REQUIRED WORK: The data that follows must be transcribed in full and exactly, minus the pictures.

DATA EXTRACT:
# # # # # # #

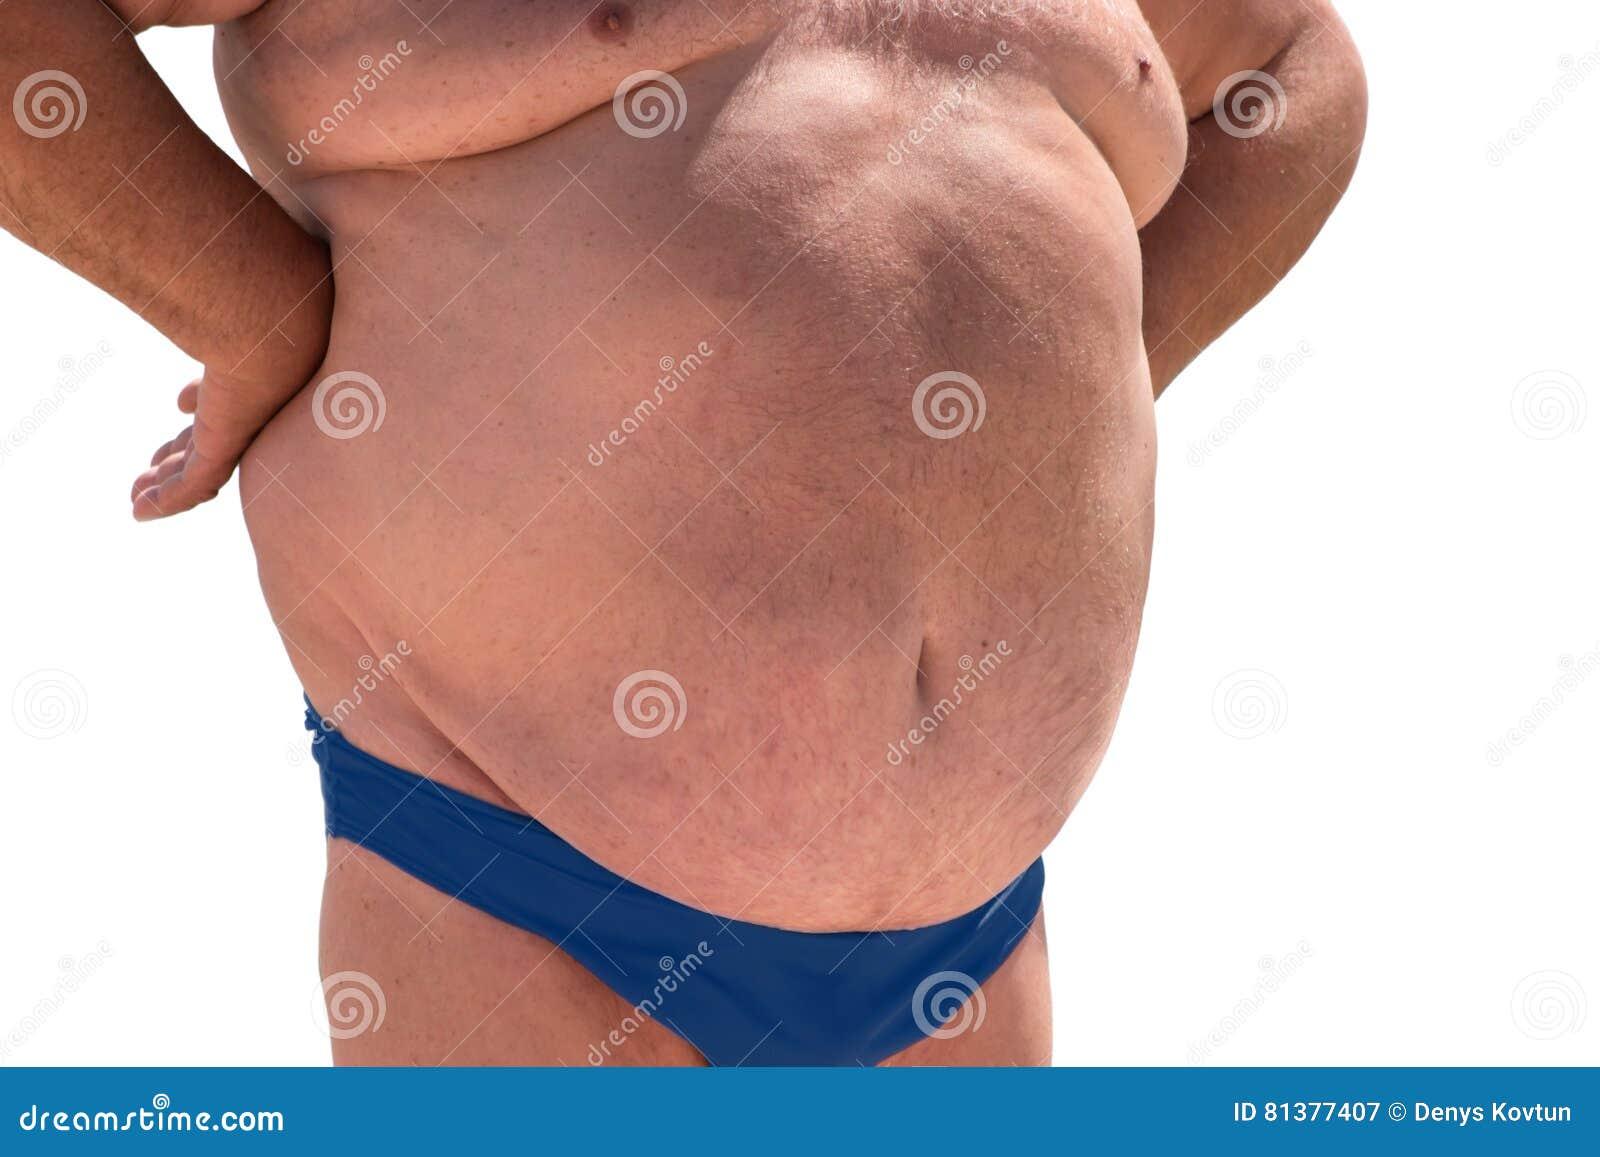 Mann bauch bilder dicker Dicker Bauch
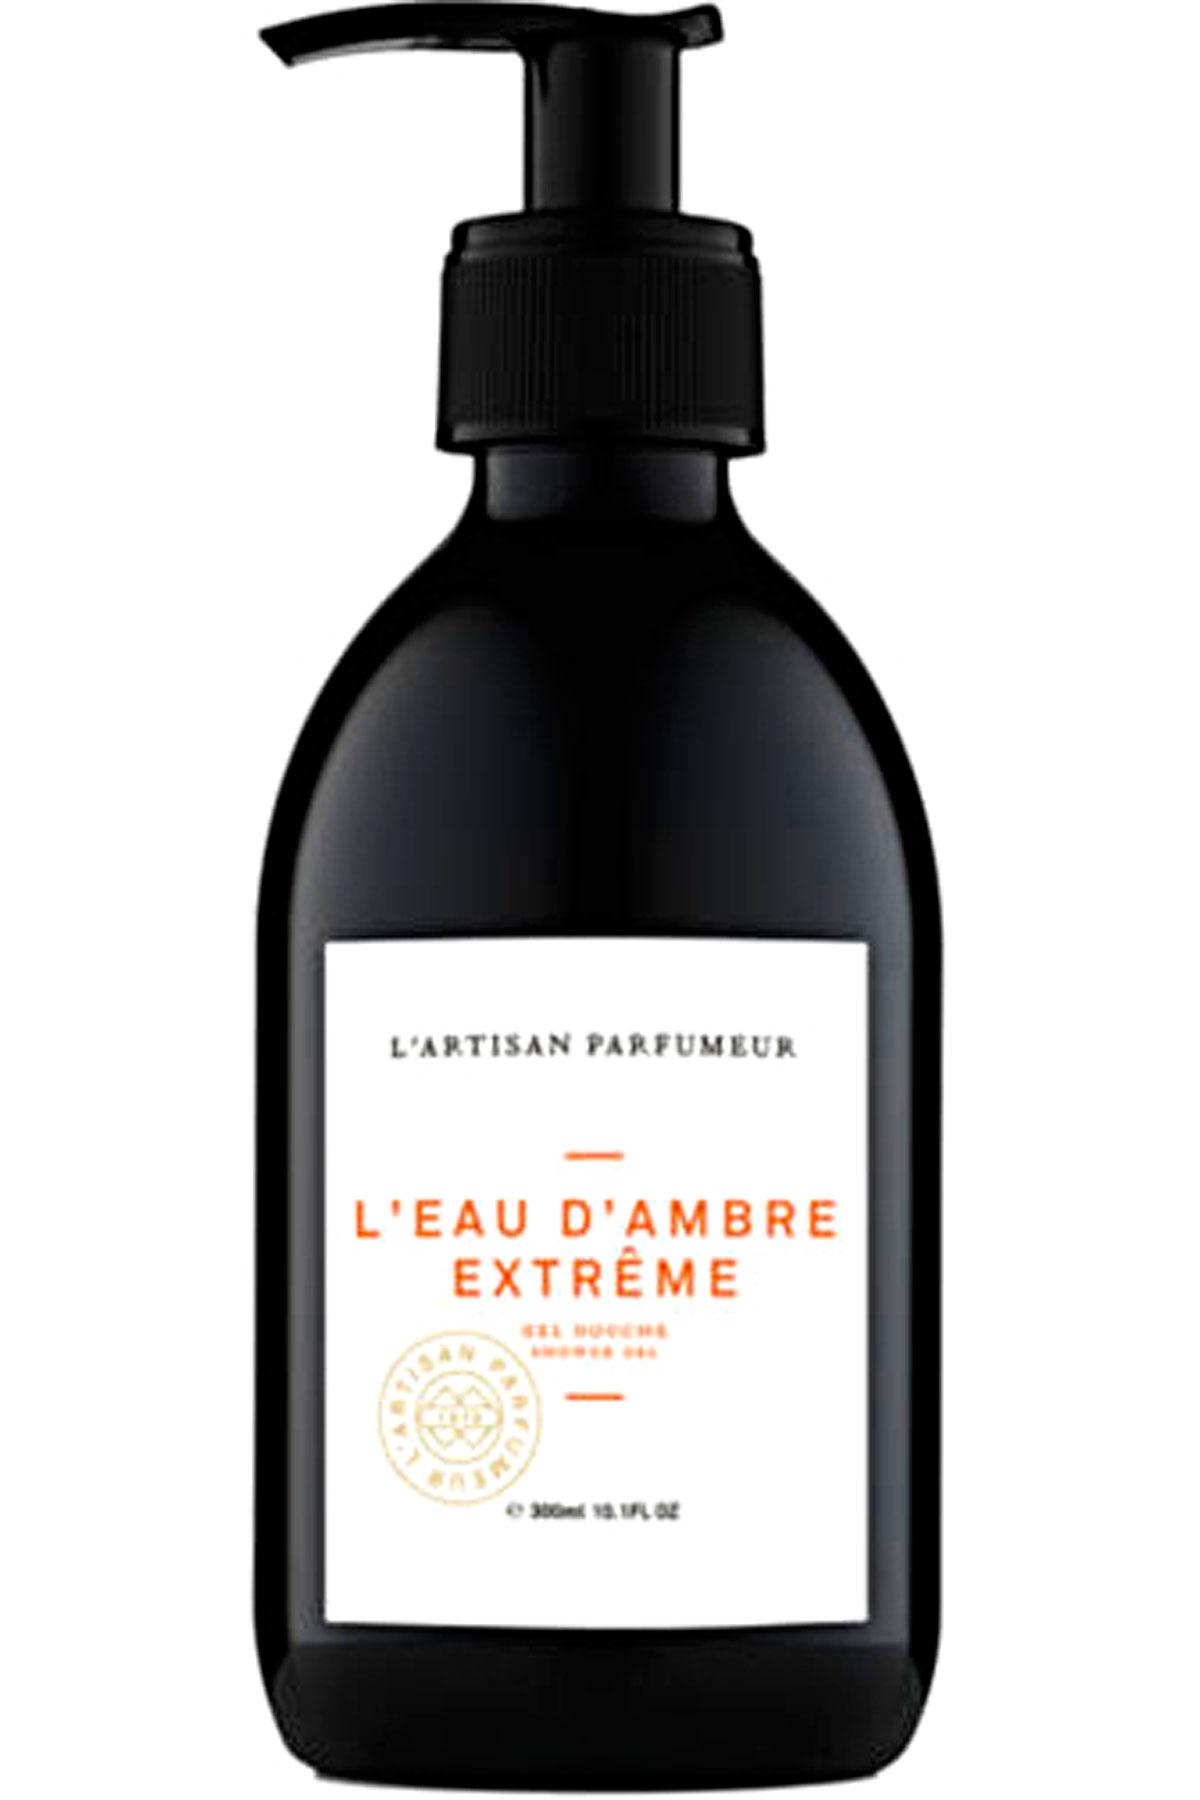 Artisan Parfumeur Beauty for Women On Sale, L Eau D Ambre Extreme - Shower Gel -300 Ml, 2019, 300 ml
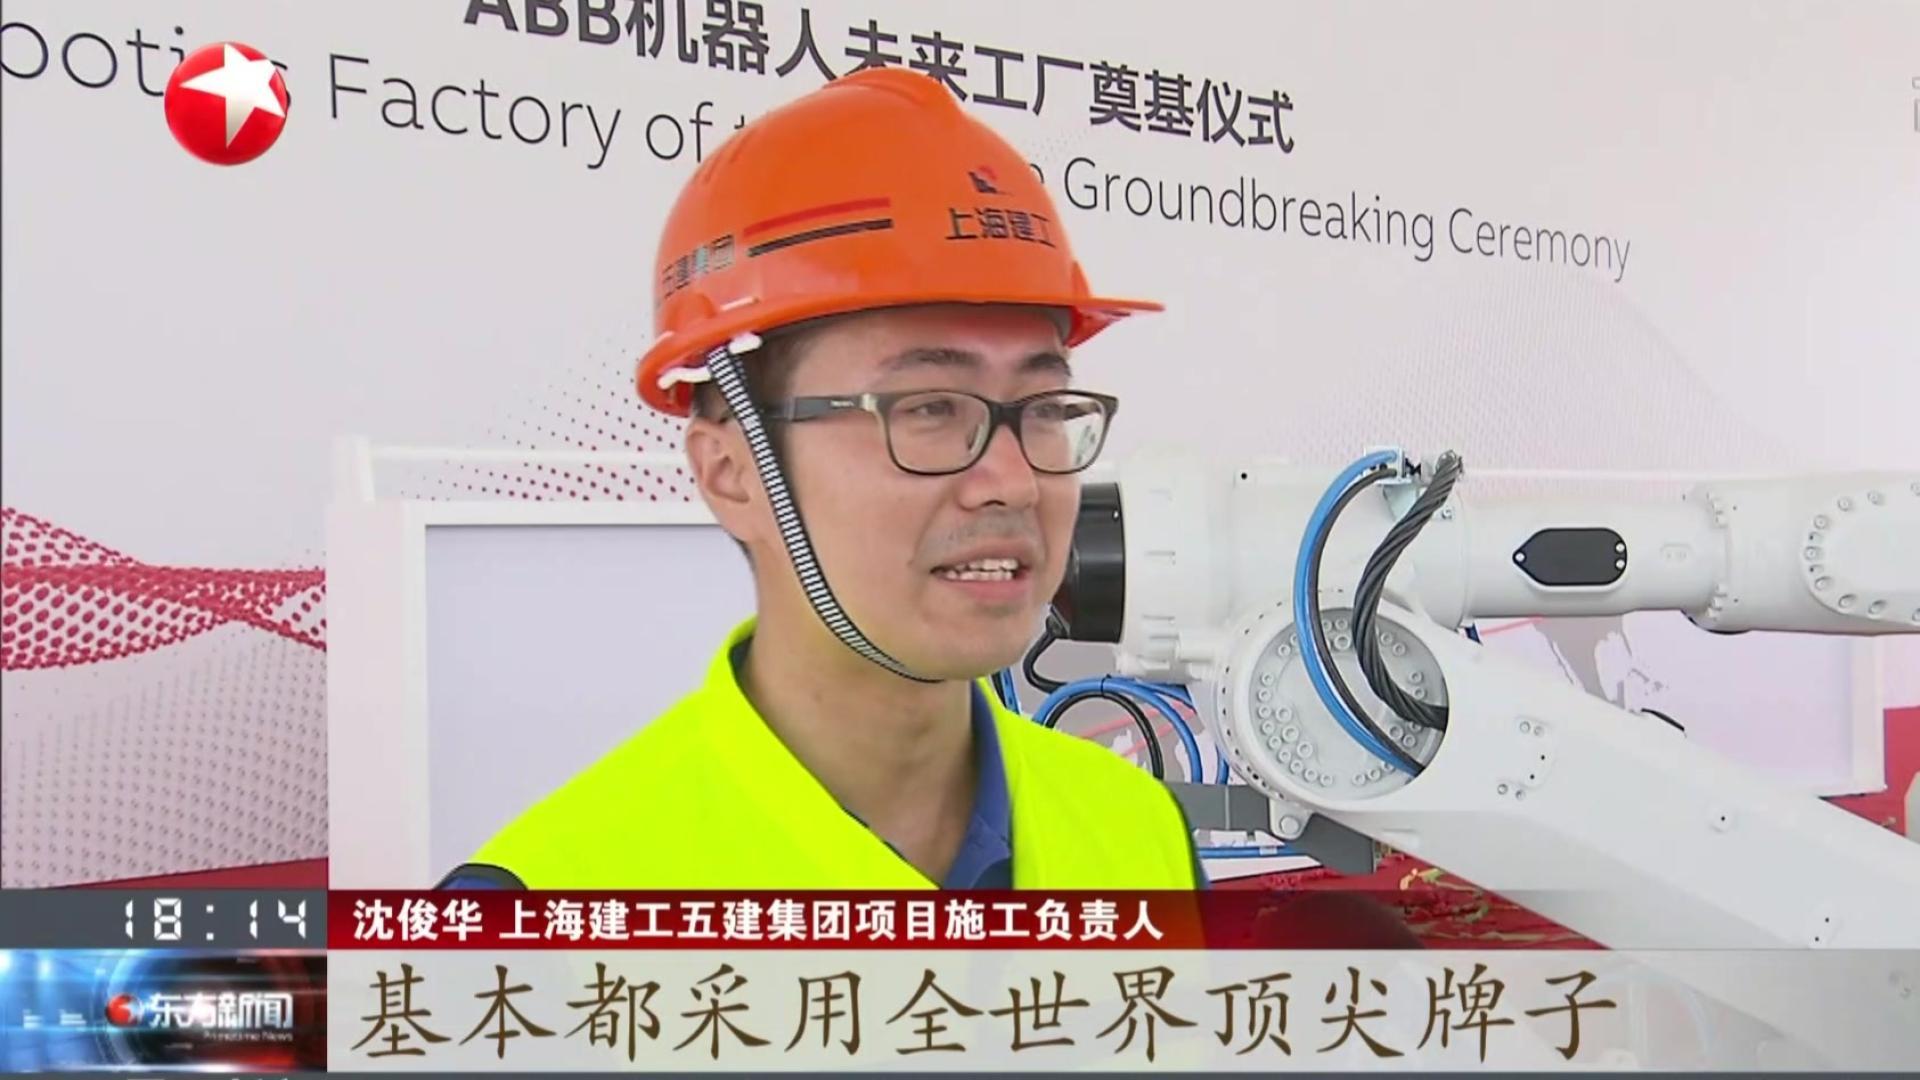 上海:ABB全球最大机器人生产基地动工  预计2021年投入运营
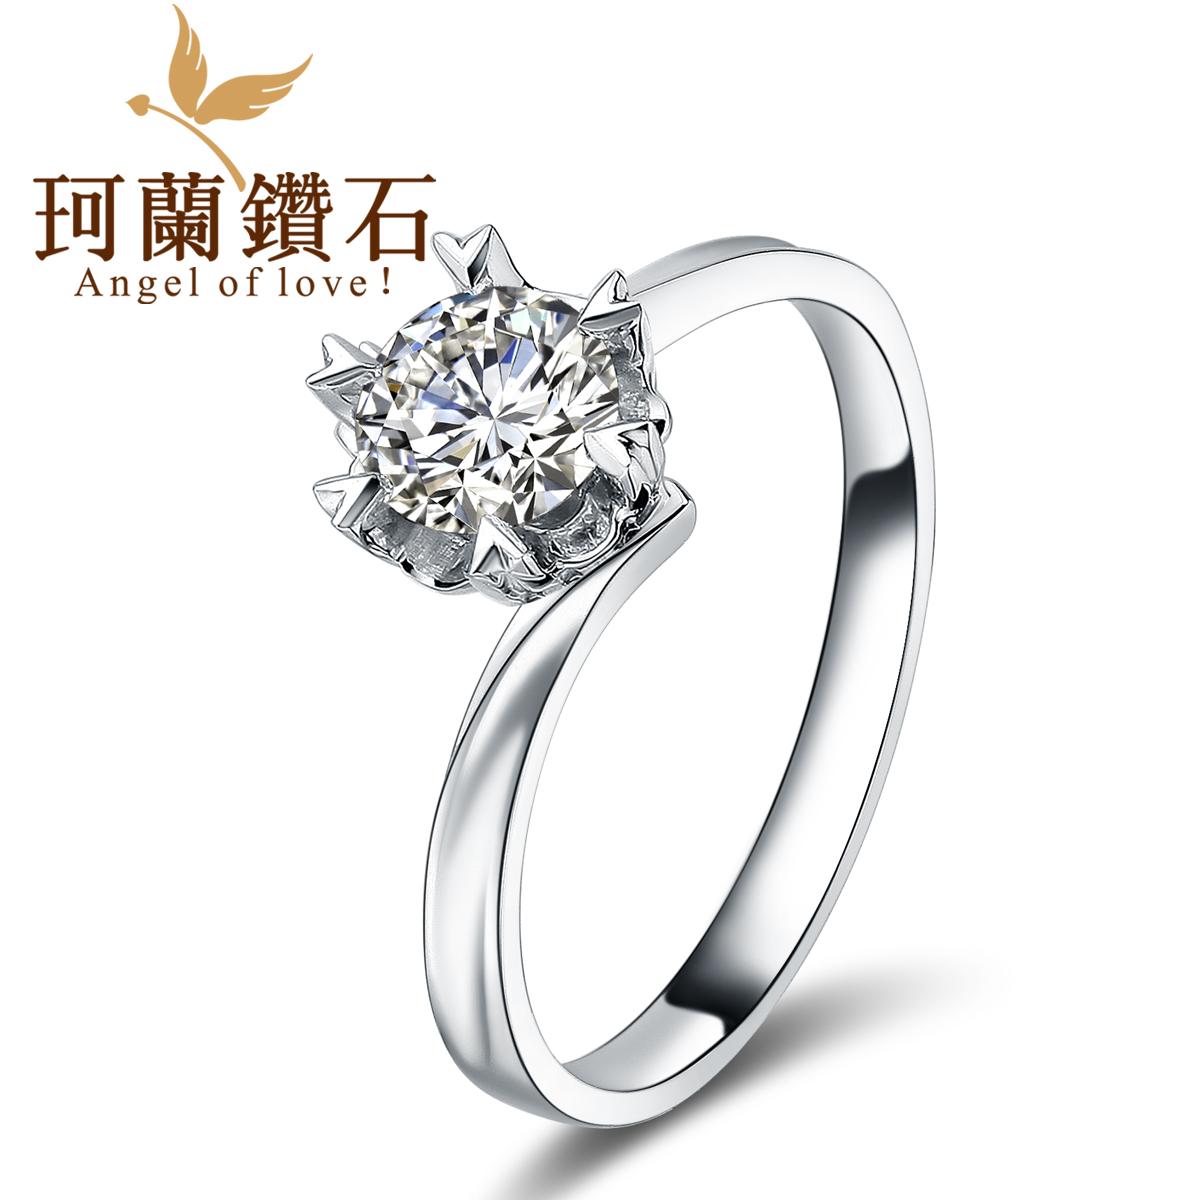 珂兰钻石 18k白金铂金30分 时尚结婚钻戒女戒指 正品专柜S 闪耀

# # # # # # #

ANSWER TO THE PROBLEM:
 Mann bauch bilder dicker Dicker Bauch
 Artisan Parfumeur Beauty for Women On Sale, L Eau D Ambre Extreme - Shower Gel -300 Ml, 2019, 300 ml
 上海:ABB全球最大机器人生产基地动工  预计2021年投入运营
 珂兰钻石 18k白金铂金30分 时尚结婚钻戒女戒指 正品专柜S 闪耀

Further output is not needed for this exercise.